The contestant picks one of 22 boxes, which are valued between 1p and £250,000. The mean of these is £25,712.12 and the median is only £875 (the average of the £750 and £1,000 boxes). The huge difference between these figures shows how the few really big values skew the mean.
Detractors of the show don’t understand where the tension or excitement is in opening a random selection of boxes but the reality is that the game has something in common with poker in that the banker is trying to gauge the contestants appetite for risk by offering the smallest amount that they think will be enough to tempt the contestant to accept his offer to ‘buy’ their box.
The chart below shows the difference in the average box value of the contestant and what the contestant received , if nobody ever dealt and just took what was in their box, they’d be an average of almost £9k an episode better off.
With well over a thousand episodes that’s over £10m the banker has avoided paying out compared to if all contestants formed a collective, never dealt and shared their value in the box equally (although this would of course make for a terrible game show).
From a summary of outcomes of these episodes you can see that the player ‘wins’ more often than the banker (i.e., receives a greater amount than the value in the box) but that when the banker wins, he wins a greater amount.
This is because in situations where a contestant left with one small and one enormous sum of money for example the contestant will often deal at a value far below the mean of the two boxes for fear of going home with next to nothing.
You might say all this is very well but what has this got to do with running a business? The first lesson is being able to differentiate between what is random and what is a trend, all too often people focus on the last few events and try to rationalise these rather than looking at the bigger picture. If there’s been a run of low value boxes then people think a high value is due when in reality every episode is an independent event.

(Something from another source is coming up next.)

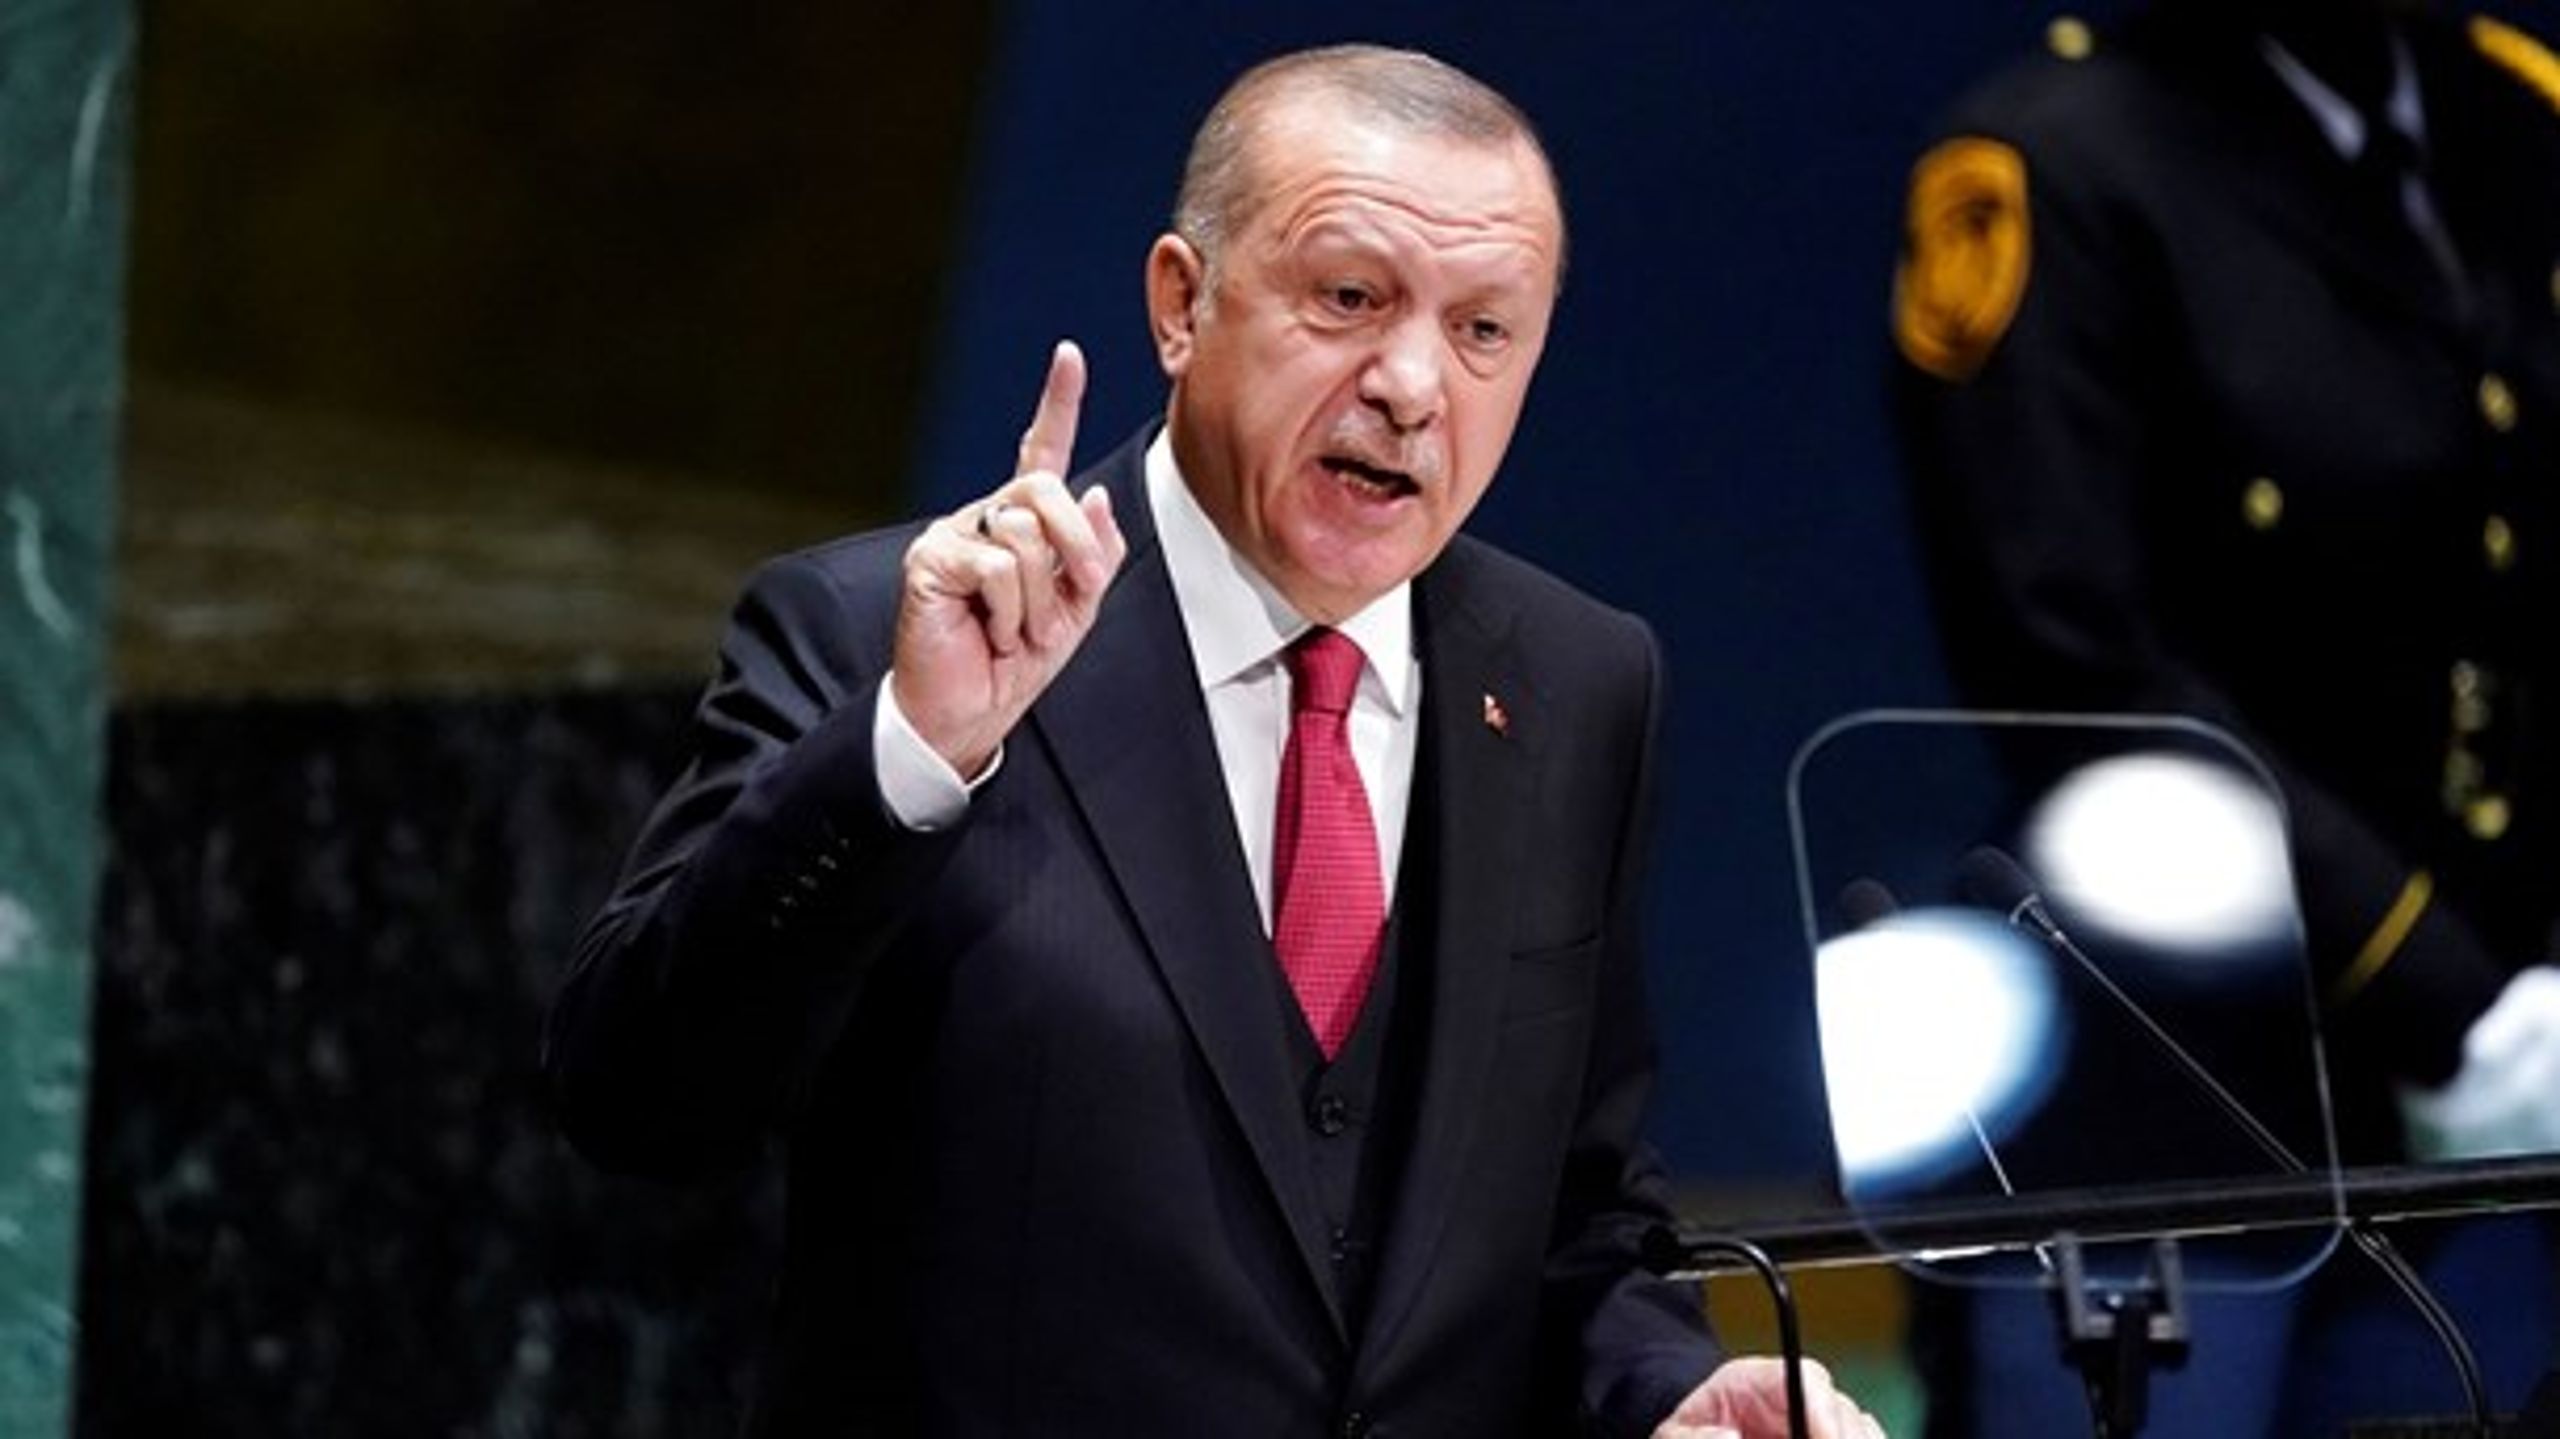 Tyrkiet med Præsident Erdogan i spidsen skal stoppe den evindelige forfølgelse af oppositionen i Tyrkiet, skriver&nbsp;Margrete Auken (SF) og Halime Oguz (SF).
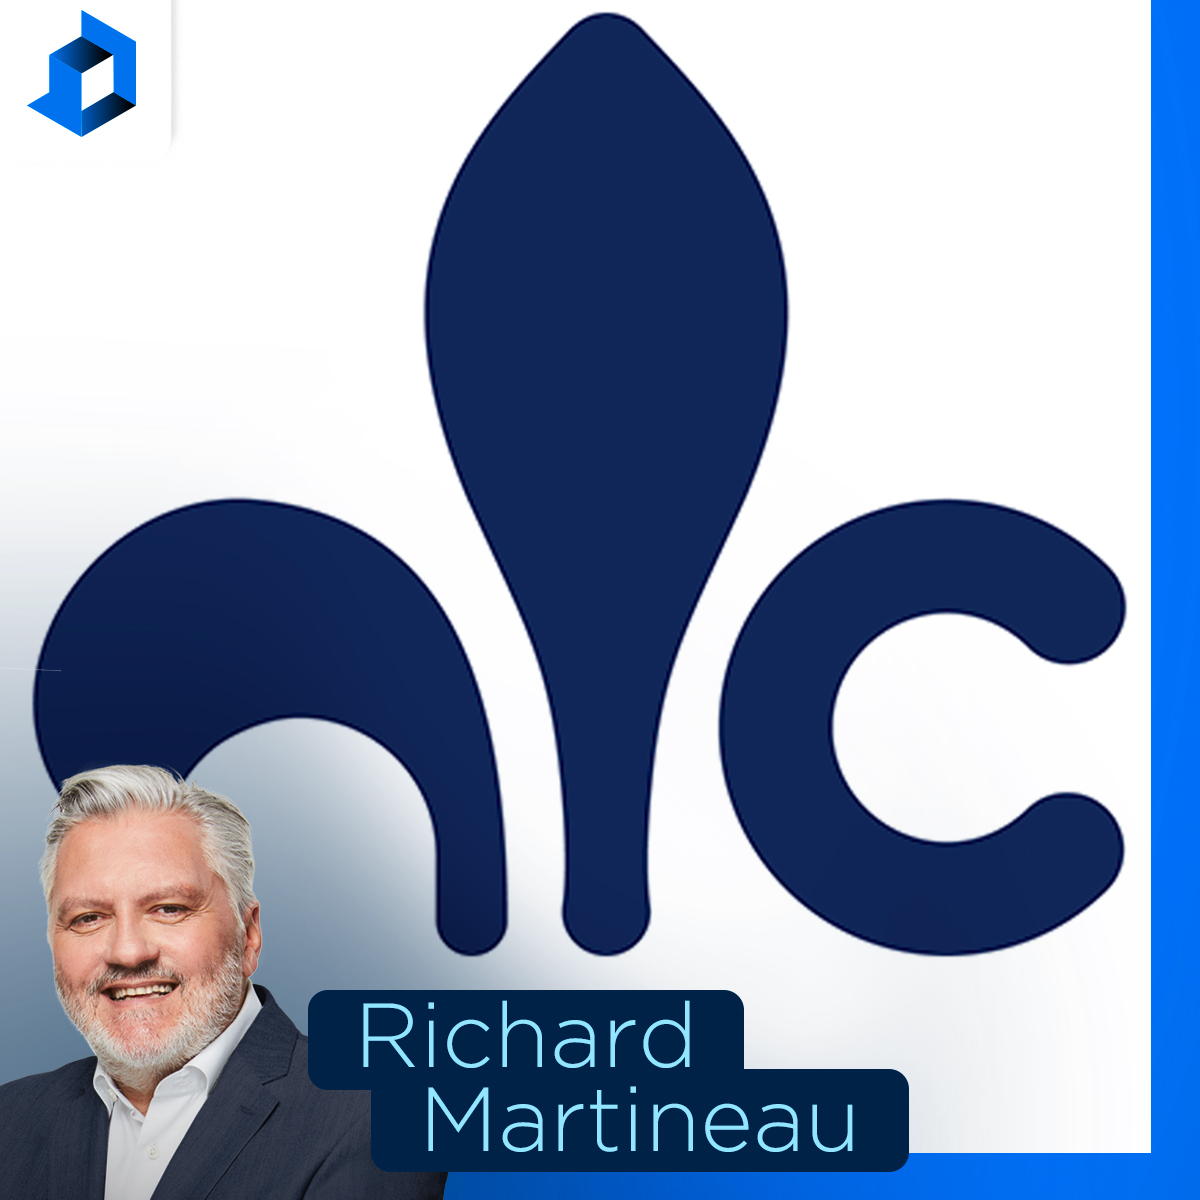 «Le journalisme est de plus en plus militant au Québec», dit Éric Duhaime, chef du Parti conservateur du Québec

It’s also a lesson in yield management in that the banker attempts to provide an offer that is sufficiently high to be acceptable but not as high as the true value (therefore the margin between these two figures can be considered as ‘profit’).
This can be applied in business by varying the level of offer for someone to join, return as a customer or upgrade a level as depending on their circumstances and affinity with your organisation they will need a different level of incentive to accept.
The more you know about a customer the more you can tailor your offer to get the person to deal at a price that’s right for you.